The past few days have been up & down. I went to see my cousin perform in TeenStar 2015 at the weekend, which she got through to the next stage. She is so good & destined for big things!! Although I may be biased, there is no denying she has a natural raw talent. It was nice to see my Aunt & Uncle as well, & I got to meet a cousin of my Aunt’s who I had previously met when I was 7 when we were bridesmaids for my Aunt. I remembered her but it was great to get to know her & I’m hoping we can meet up again & maybe do some walking. She has already been in touch about possibly hooking up in May which should be good if it happens.
Work has been relentless but I’ve found a nice pace – let’s hope it’s not disrupted! There’s a possibility of a position which will take me out of conferences & I’m hoping I will get it. I am aware the stress won’t necessarily decrease but if it takes me out of conferences & from under my current supervisor then I will be happy. I cannot work in the chaos & whirlwind she creates & her being away for nearly 3 weeks has made it even more obvious how much panic & disorder she brings to the team; it only takes one person to disrupt order. I had a conference today on 6 children!! My hands stopped working after typing for 2 hours straight!! Thankfully the reviewer didn’t turn up to sit in on the conference which alleviated some of the pressure (& space around the table), but it was still full on.
I have finally bought a new vaporiser & am currently smoking the last pack of cigarettes I have. I have lost my routine however since I did that meeting, & then you subsequently coming over to chill the evening before stripping the house of the rest of your belongings & walking your poster, that my parents had framed for your birthday, over to your friend’s. The same friend who was the very catalyst for the breakdown in our communication & relationship (in my opinion). And how dare you more or less say I was fine with it – you know I had always been fine with the original arrangement which was to be a stop gap until he found a place, as it was an emergency & he had nowhere to go. But he wasn’t looking!! Not until tensions grew out of hand. Just something else you have thrown back at me.

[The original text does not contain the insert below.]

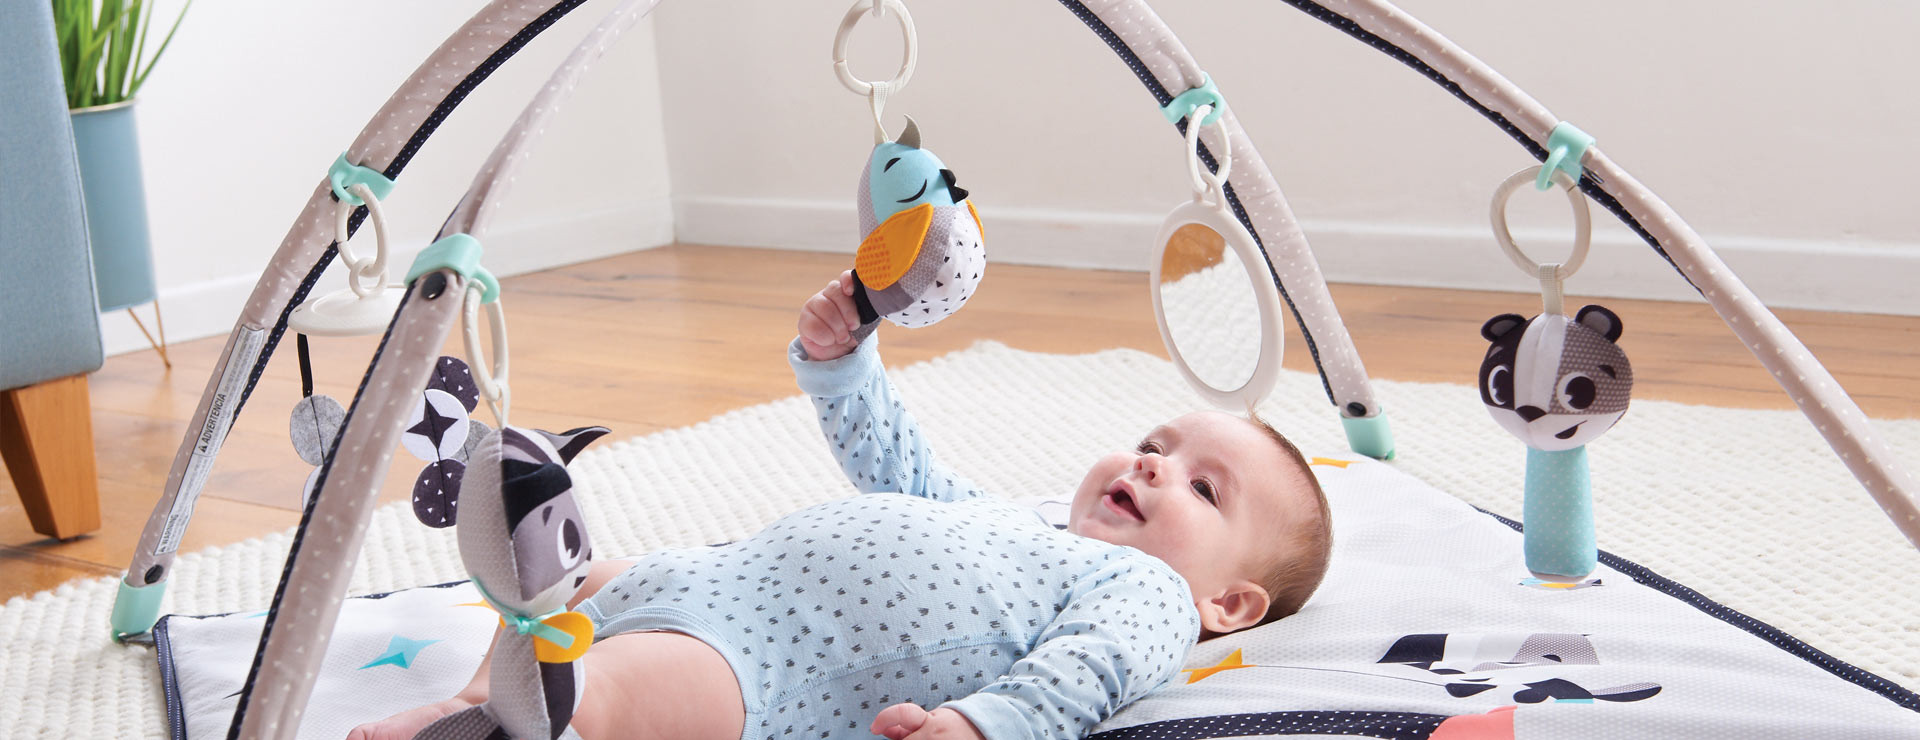 Stimulating and interactive toys entertain baby and support healthy development 
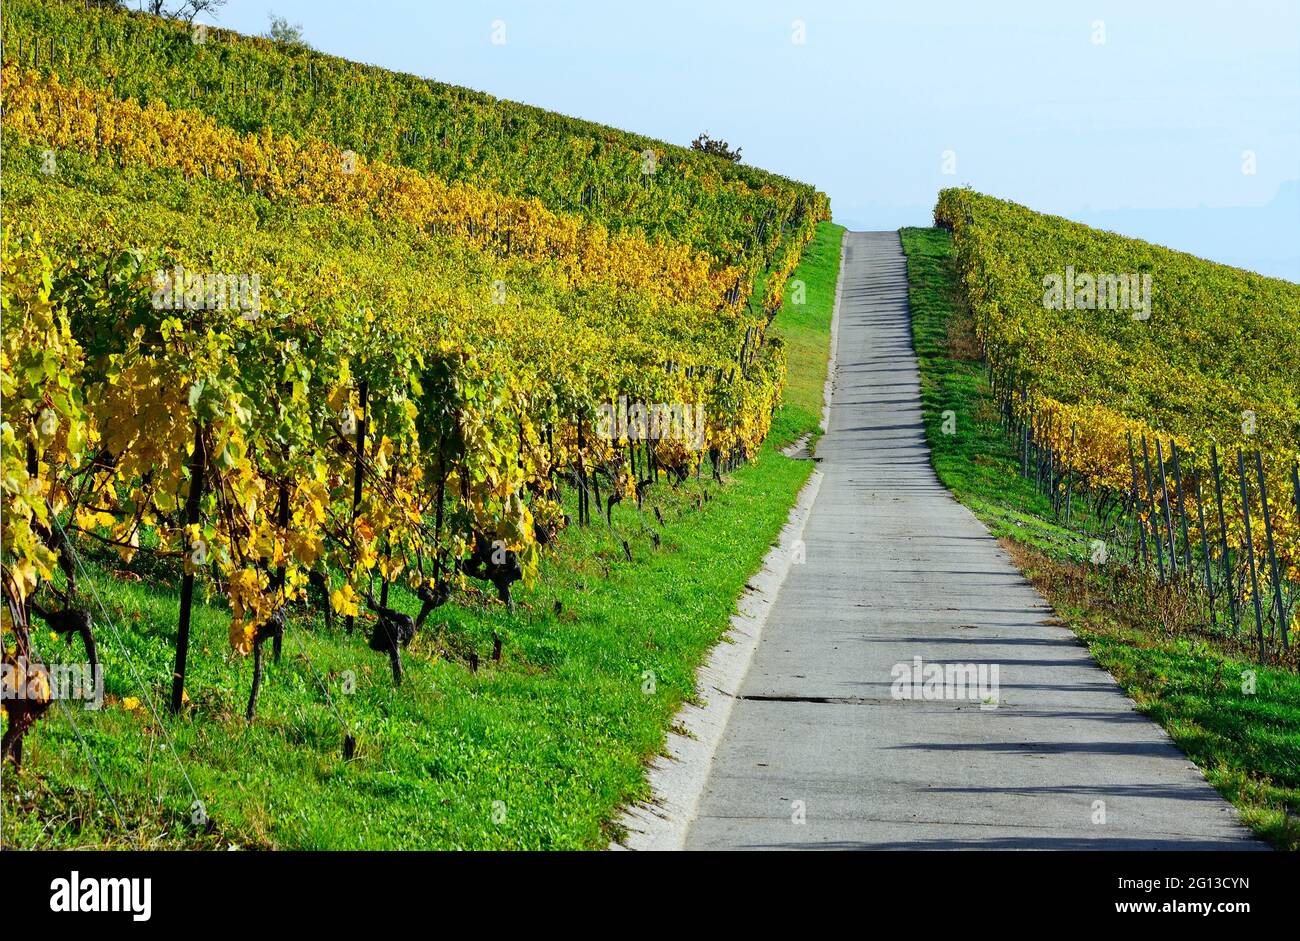 Road in vineyards, Mont-sur-Rolle, literally Mont on Rolle, Nyon district, canton Vaud, Switzerland, Europe Stock Photo

I am determined though that I will not be set back for long & I will get back to where I was & further. I am reminded to go back to My Journey in my workbook; these are the very obstacles & hurdles I anticipated I would encounter but I must continue to walk forward on my given path & soon enough those obstacles will be far in the distance behind me. They will have turned into accomplishments & achievements. It is only a matter of time.